Adrenoleukodystrophy: Causes, Symptoms, Treatment
Synopsis: Adrenoleukodystrophy (ALD) or Schilder-Addison Disease involves closely related inherited disorders that disrupt the breakdown of fats in the body. Adult-onset ALD is called 'adrenomyeloneuropathy' and is milder, progresses at a slower rate, and is commonly associated with an average life span. ALD is passed from parents to their children as an X-linked genetic trait, mainly affecting male children, although some females who carry the disorder experience milder forms of it.
Defining Adrenoleukodystrophy (ALD)
Adrenoleukodystrophy (ALD) was first described in the early 1900s and referred to as 'Schilder-Addision Disease.' ALD involves several closely-related inherited disorders that disrupt the breakdown of certain fats in a person's body. 'Adreno' refers to the adrenal glands, while 'leuko' is the Greek word for white. 'Dystrophy' means 'impaired growth. Adrenoleukodystrophy (ALD) affects a person's adrenal glands and myelin growth.
The U.S. Social Security Administration (SSA) has included Neonatal Adrenoleukodystrophy as a Compassionate Allowance to expedite a disability claim.
Leukodystrophies cause damage to the myelin sheath of a person's nerve cells. Around one in every one-hundred thousand people is affected by ALD. There are three basic forms of ALD; neonatal, childhood, and adult-onset ALD. Childhood ALD is considered the classic and most severe form of the disorder. Childhood ALD is progressive, commonly leading to total disability or the death of the person affected. The disorder affects only males because the genetic defect is carried through the X-chromosome. The onset of the disorder commonly occurs between the ages of four and ten and may involve several symptoms that may not appear in conjunction with one another. The more common symptoms associated with ALD include poor memory and behavioral issues. Additional symptoms can include seizure activity, loss of vision, difficulties with swallowing, speech difficulties, gait, and coordination problems, deafness, increased skin pigmentation, and progressive dementia.
Adult-onset ALD is called 'adrenomyeloneuropathy' and is milder, progresses at a slower rate, and is commonly associated with an average life span. The adult-onset form of ALD usually appears in people between the ages of twenty-one and thirty-five. The symptoms of adult-onset ALD can include weakness, stiffness, paralysis in the person's lower limbs, and loss of coordination. The person may experience deterioration of brain function as well. Women who carry the disorder may occasionally experience these same and other symptoms. Additional symptoms can include hypertonia, excessive muscle tone, ataxia, urinary problems, or mild peripheral neuropathy. The neonatal form of ALD affects both female and male infants. It can cause intellectual disability, seizures, facial abnormalities, poor muscle tone, retinal degeneration, adrenal dysfunction, and an infant's liver enlargement. The neonatal form of ALD usually progresses at a rapid rate. ALD affects every ethnic group.

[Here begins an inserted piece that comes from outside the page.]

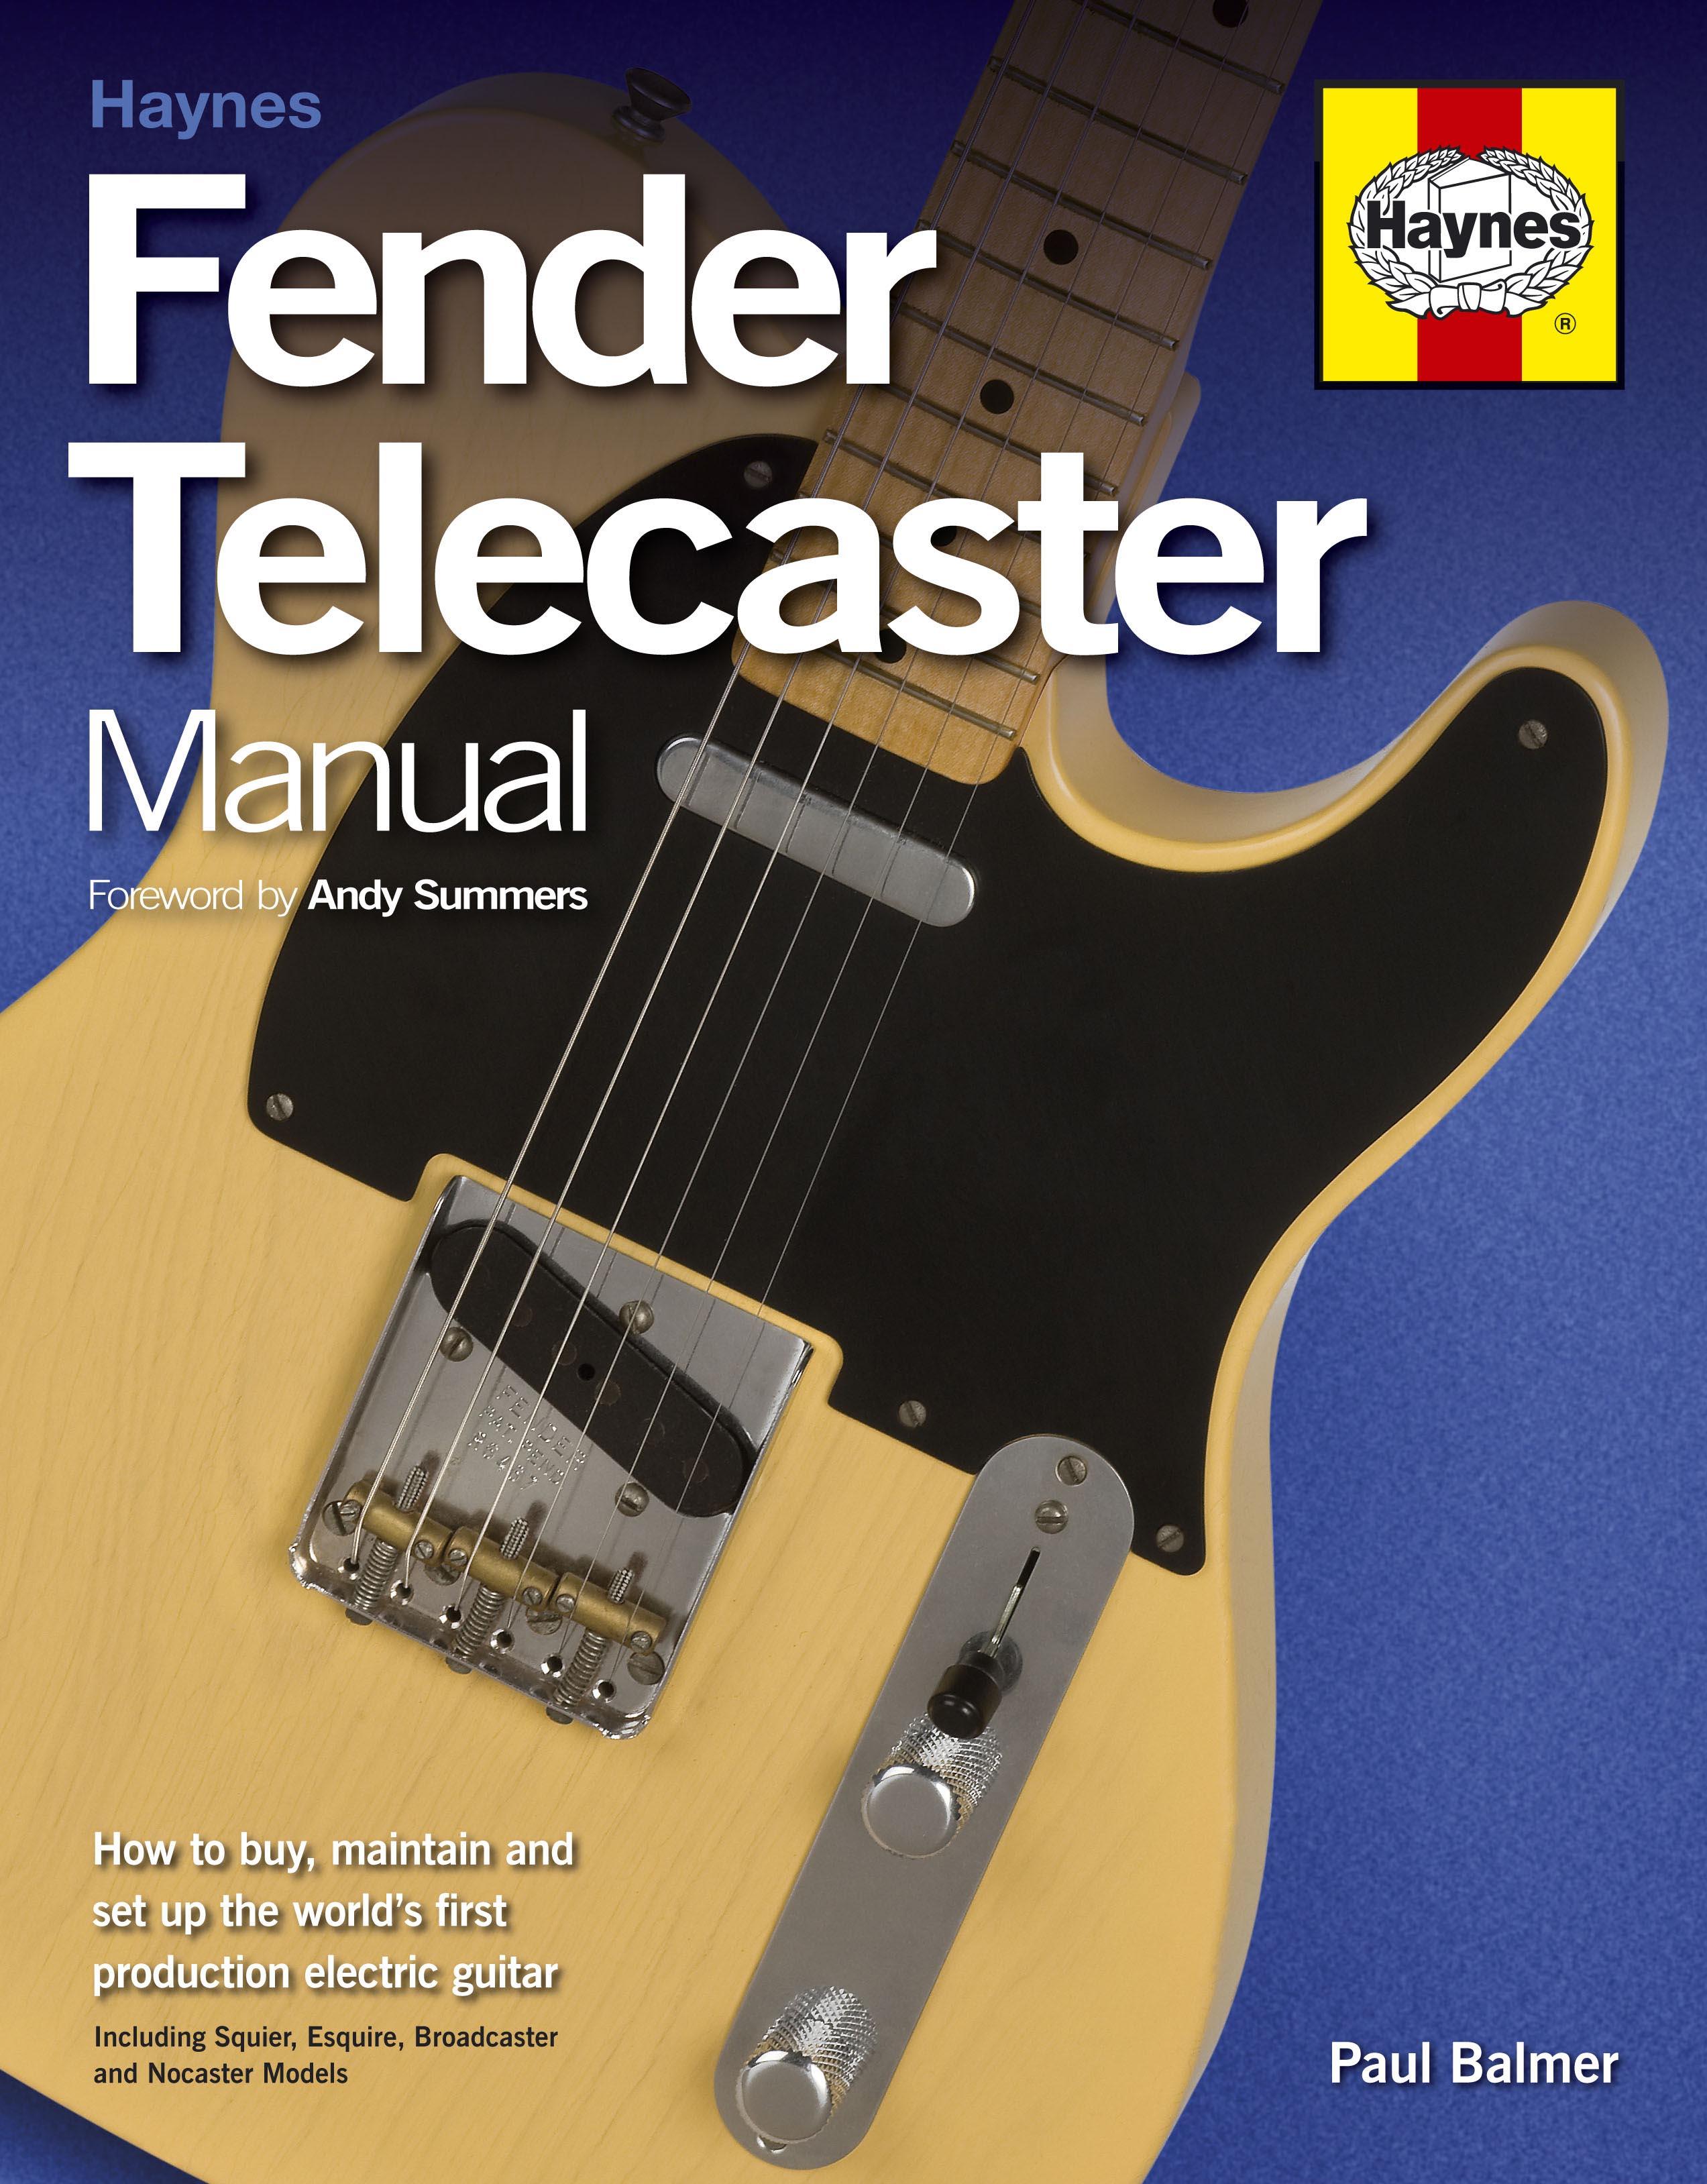 fender telecaster manual haynes publishing rh haynes com Fender Squier Stratocaster Squier by Fender Acoustic Guitar
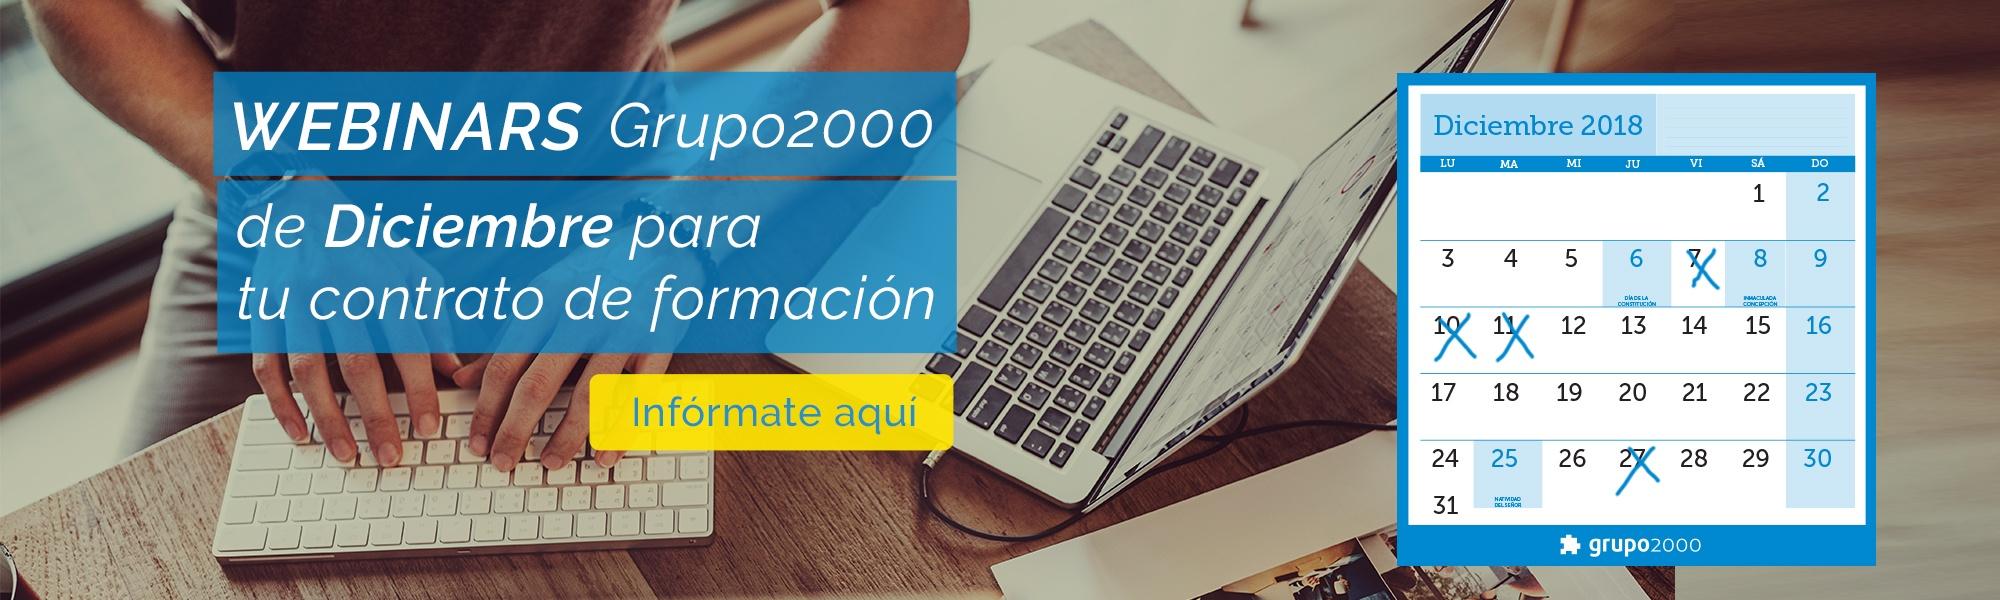 Nuevos webinars Grupo2000

Causes and Symptoms of Adrenoleukodystrophy
ALD is passed from parents to their children as an X-linked genetic trait, affecting mostly male children, although some females who carry the disorder experience milder forms of it. ALD causes problems in the person's peroxisomes, which are tiny cellular structures that break down large molecules of fats into smaller ones that the body can use. Persons with ALD have peroxisomes that cannot break down a type of fat called 'Very Long Chain Fatty Acid,' or VLCFA. Because of this, VLCFA's accumulate throughout the person's body, particularly in their adrenal glands and brain. Accumulation of VLCFA's interferes with their adrenal gland's ability to convert cholesterol into steroids, prompting deterioration of the myelin covering their nerve cells within the white matter of their brain and interfering with their nerve function. Fats usually produced through the breakdown of products of VLCFA's also cannot be produced, and the person's nerve functioning is further compromised.
The adrenal glands of nearly everyone affected by ALD do not secrete sufficient amounts of hormones, referred to as 'adrenal insufficiency.' The symptoms the person can experience may include weakness, sluggishness, hypoglycemia, weight loss, vomiting, nausea, mental changes, and darkening of their skin. Due to adrenal insufficiency, persons with ALD can experience difficulties regulating potassium and sodium in their bodies and may experience shock or coma, conditions that can be life-threatening. These aspects of ALD are readily treatable, making identifying persons with ALD highly important to prevent these complications.
The adrenal glands of almost all individuals affected with ALD do not keep secret enough hormones; this is called adrenal insufficiency. Symptoms include sluggishness, weakness, weight loss, hypoglycemia, nausea, vomiting, darkening of skin color, and mental changes. Because adrenal insufficiency can cause problems regulating the balance of sodium and potassium in the body, a person can go into shock and coma, potentially life-threatening. As this aspect of ALD is readily treatable, identifying these patients helps prevent these complications.
The symptoms of the Childhood form of ALD may include:
- Hearing loss
- Crossed eyes
- Muscle spasms
- Difficulty at school
- Swallowing difficulties
- Changes in muscle tone
- Deterioration of handwriting
- Decreased fine motor control
- Visual impairment or blindness
- Difficulty understanding spoken material
- Worsening nervous system deterioration
- Decreased understanding of verbal communication
The Adult-Onset form of ALD, or 'Adrenomyelopathy,' may include:
- Difficulty controlling urination
- Problems with thinking speed and visual memory
- Possible worsening muscle weakness or leg stiffness
The symptoms of adrenal gland failure may include:
- Muscle mass
- Loss of weight
- Muscle weakness
- Increased skin color
- Decreased appetite
Chromosome studies that look for changes or mutations in the person's ABCD1 gene, blood level tests, and MRI imaging of the person's head can be used to assist in achieving a diagnosis of ALD. If a doctor suspects a person has ALD, the results of an MRI imaging scan may demonstrate abnormal results, with changes that are detectable in the person's white matter. MRI images by themselves do not present a definitive diagnosis of ALD. A more definitive diagnosis of ALD can be reached by measuring the level of VLCFA in the person's blood. In almost every male with ALD, the level of VLCFA is very high. Tests can also be performed to measure the person's adrenal function; ninety percent of boys with the symptoms of ALD, and seventy percent of adult males with the disorder, have adrenal glands that have been affected.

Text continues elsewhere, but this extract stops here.